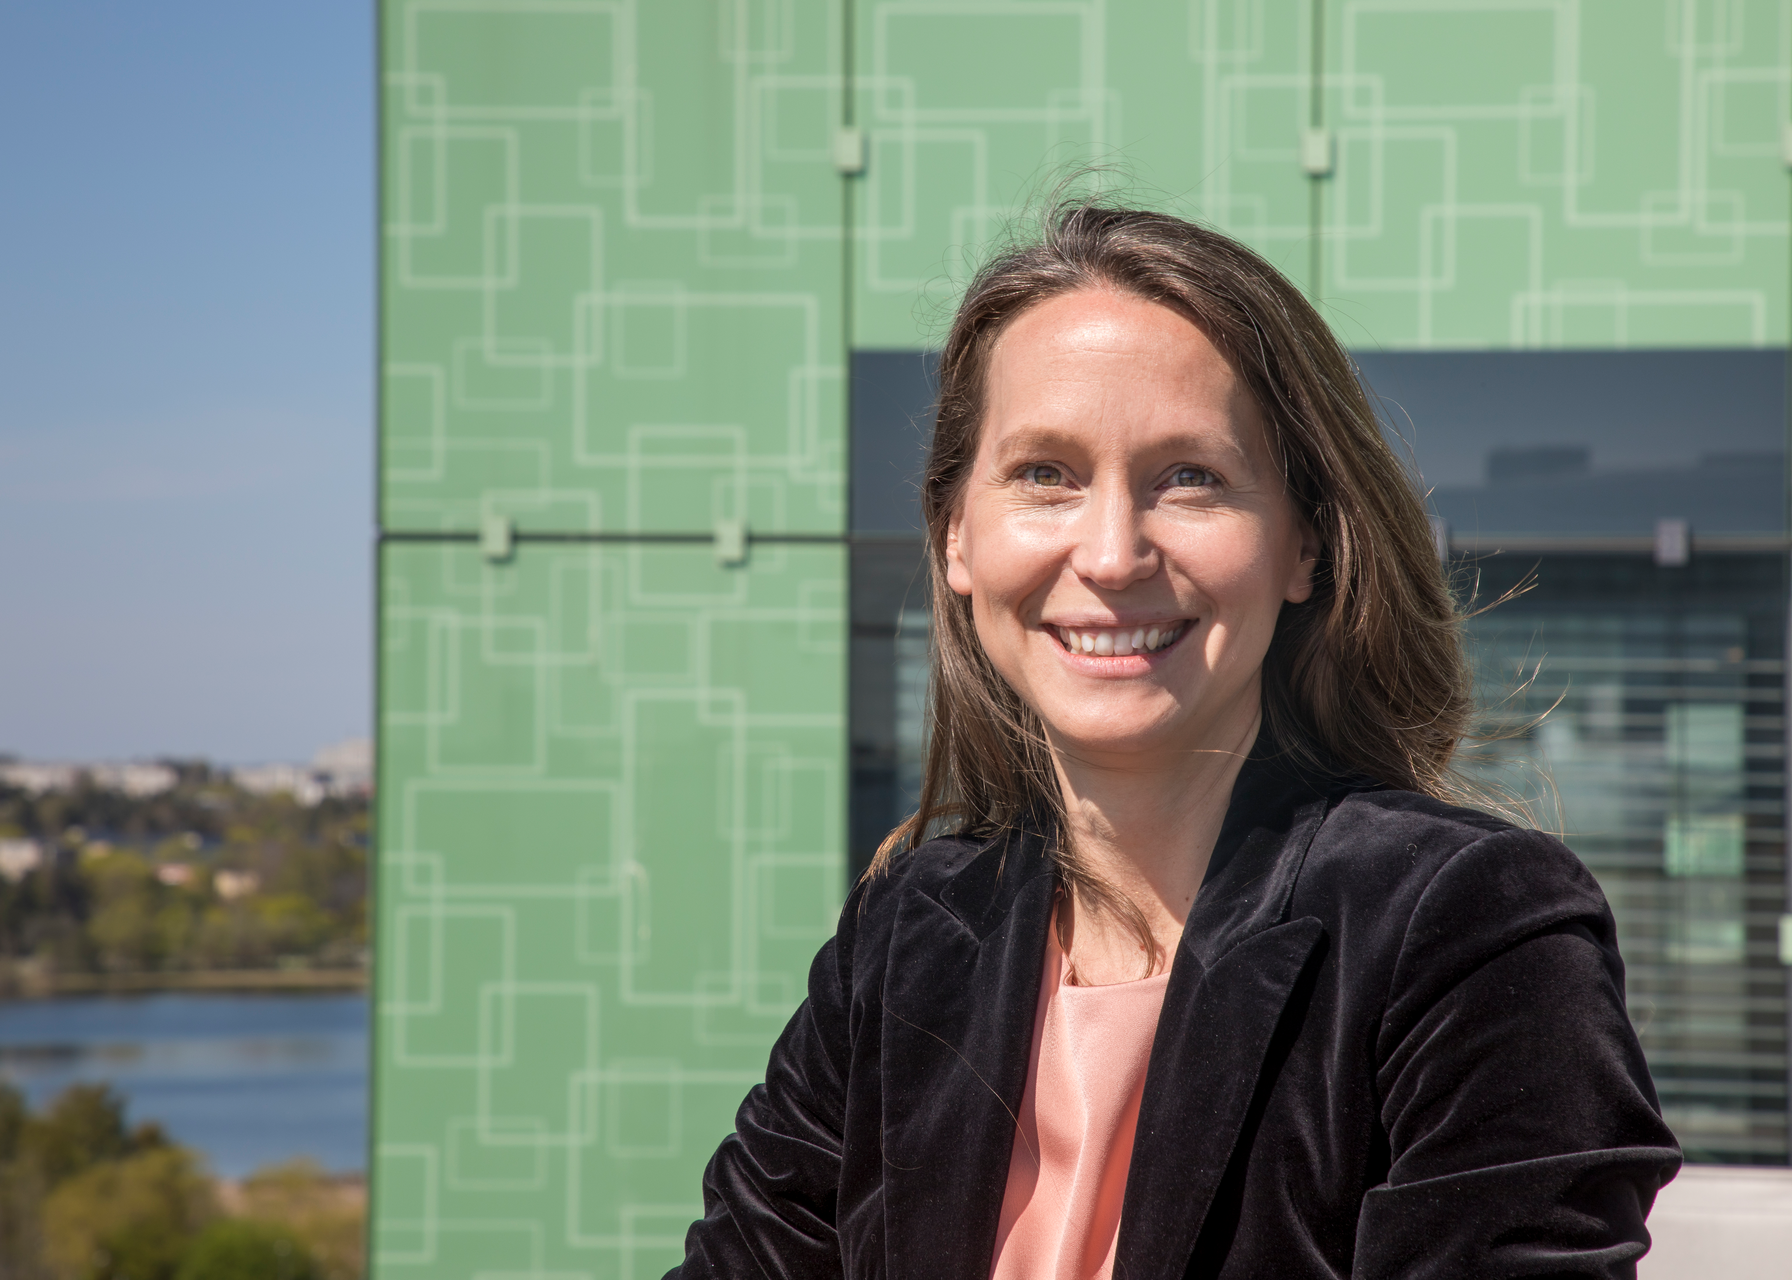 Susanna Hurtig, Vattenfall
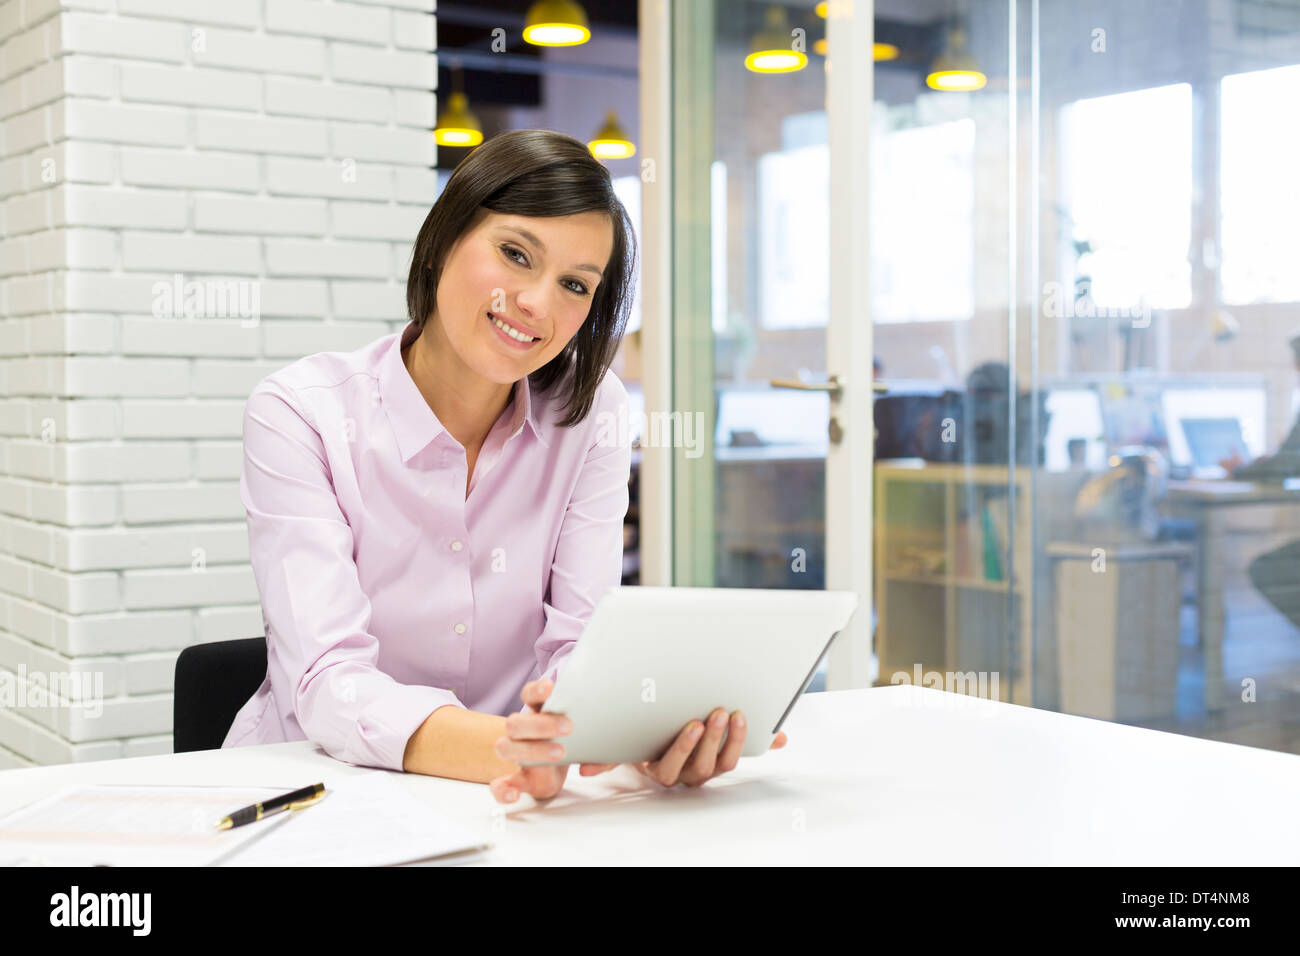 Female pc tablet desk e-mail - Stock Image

_ _ _ _ _ _ _

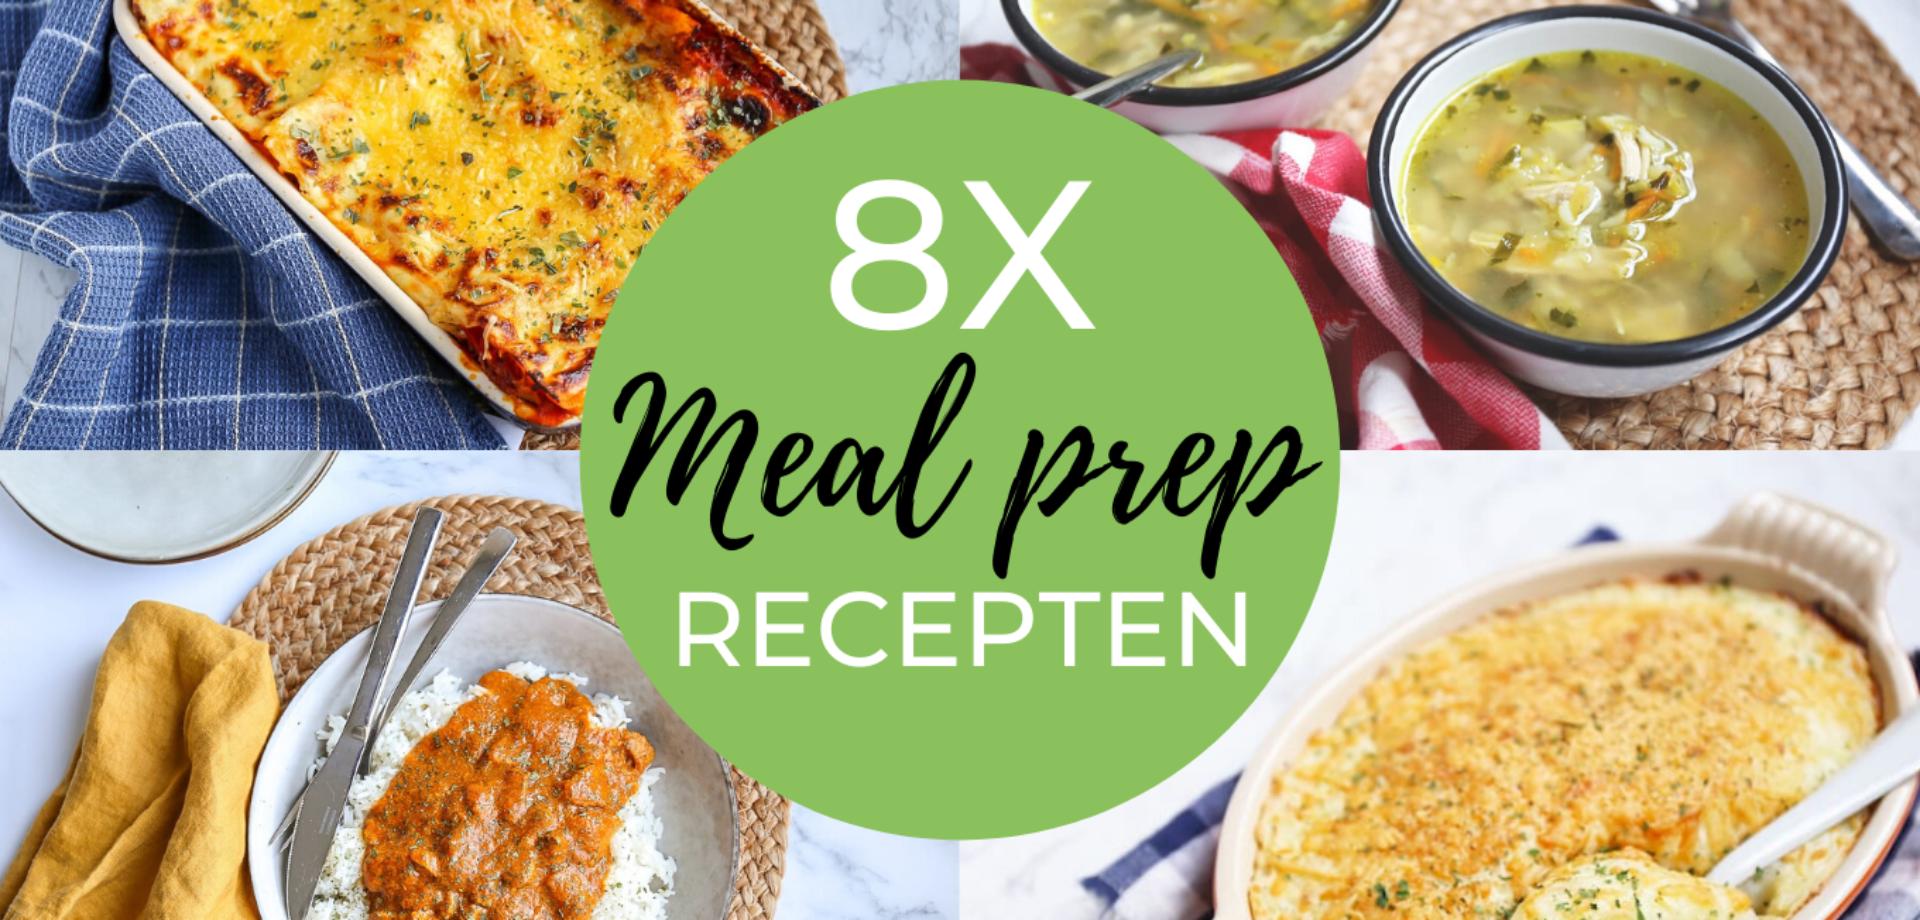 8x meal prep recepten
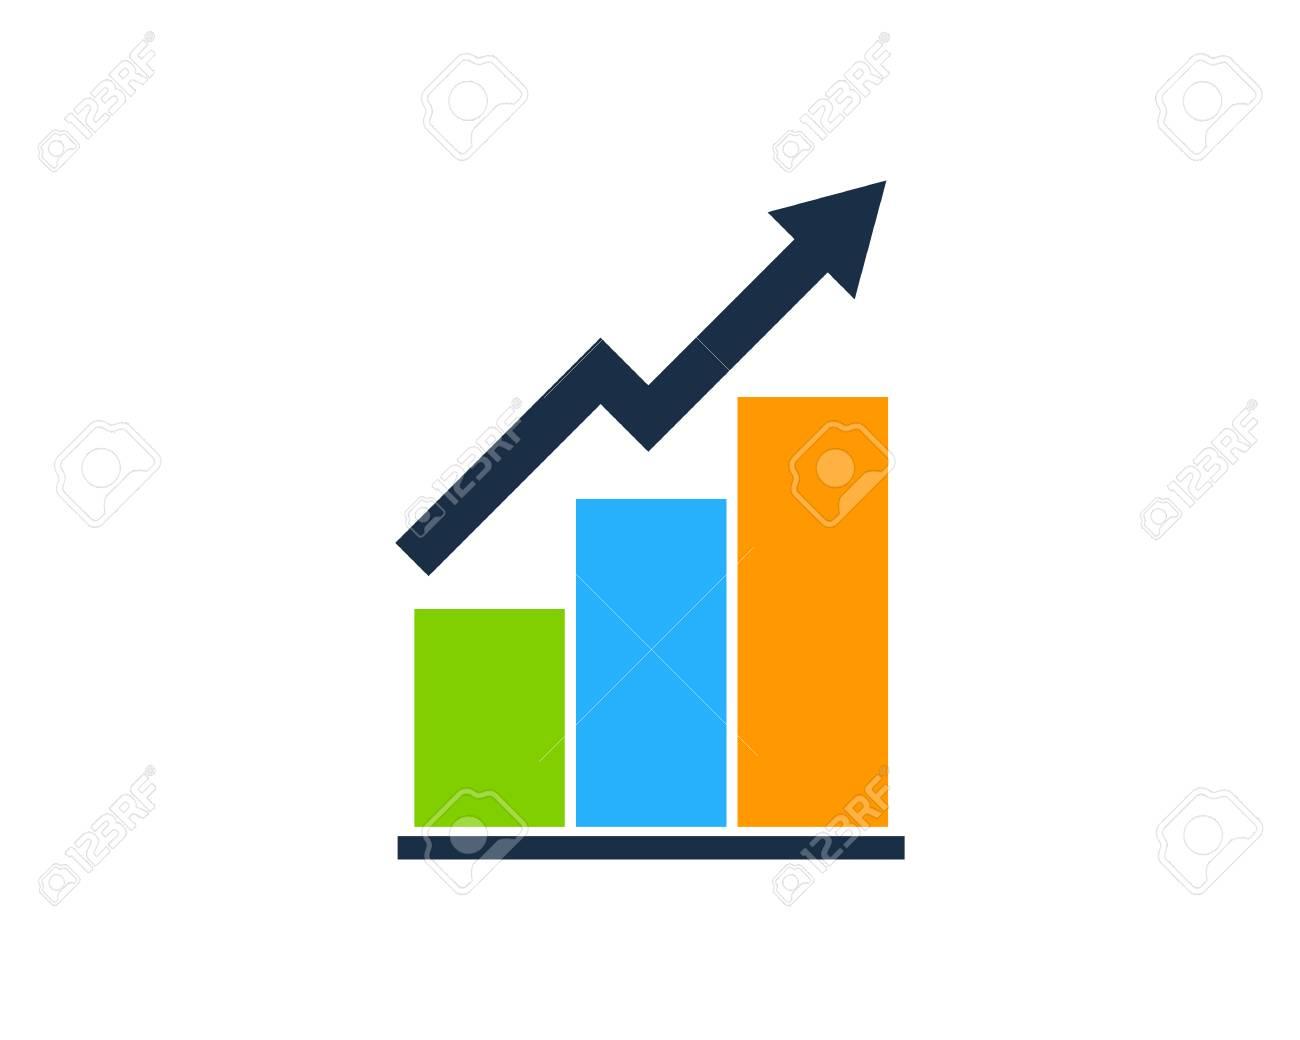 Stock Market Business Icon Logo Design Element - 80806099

_ _ _ _ _ _ _

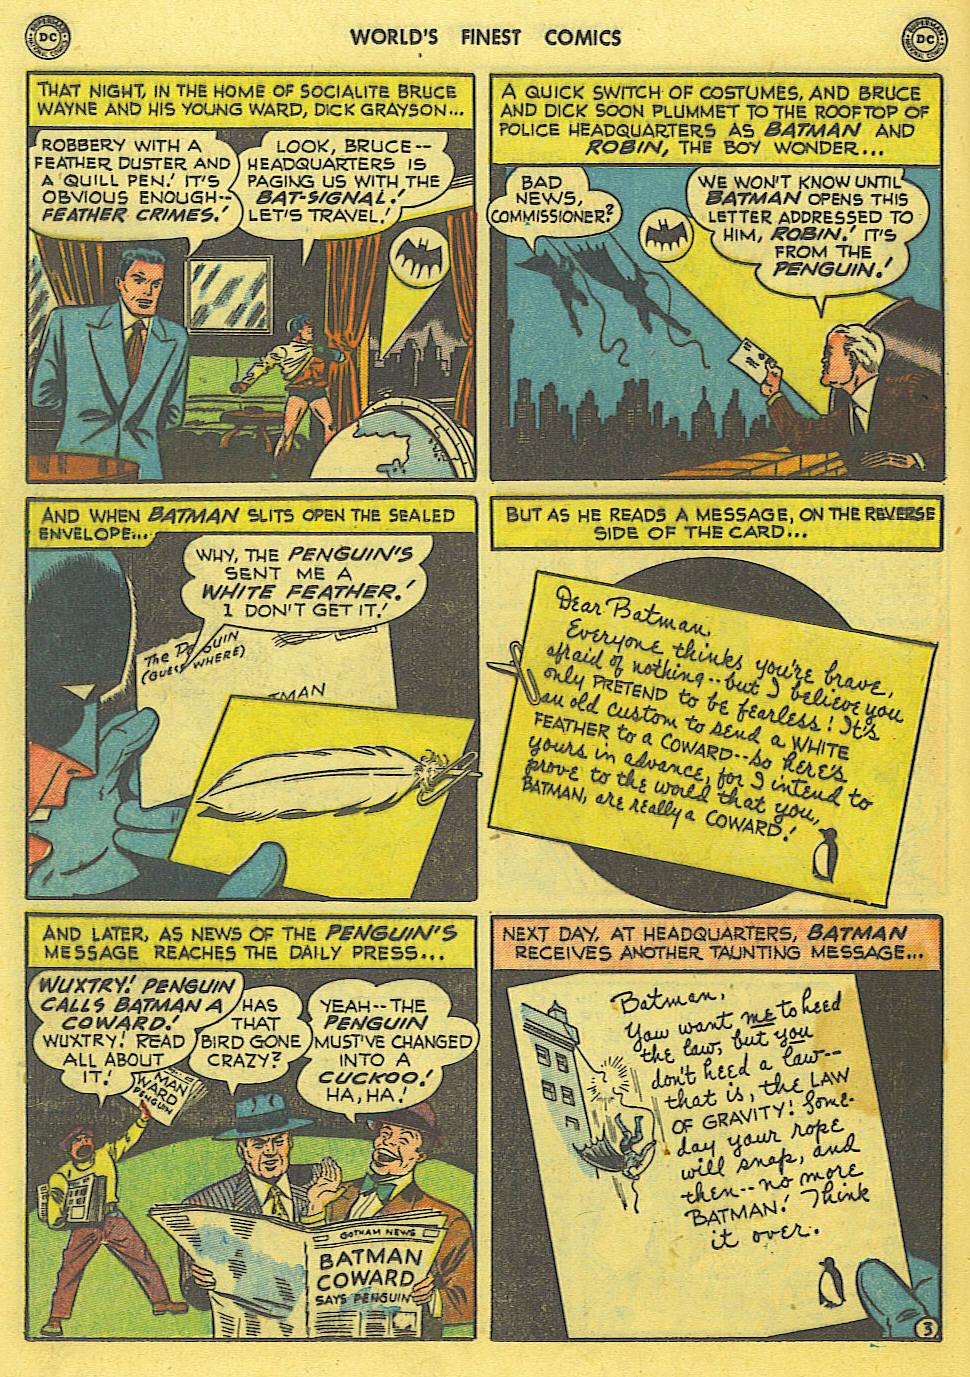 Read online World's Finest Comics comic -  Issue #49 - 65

_ _ _ _ _ _ _

YOUR ASSIGNMENT => Return word for word the lines of the listing above, starting at the line with "Susanna Hurtig, Vattenfall" and ending at the line with "Female pc tablet desk e-mail - Stock Image", both included. Pictures do not belong in the copy.

TASK SOLUTION =>
 Susanna Hurtig, Vattenfall
 Female pc tablet desk e-mail - Stock Image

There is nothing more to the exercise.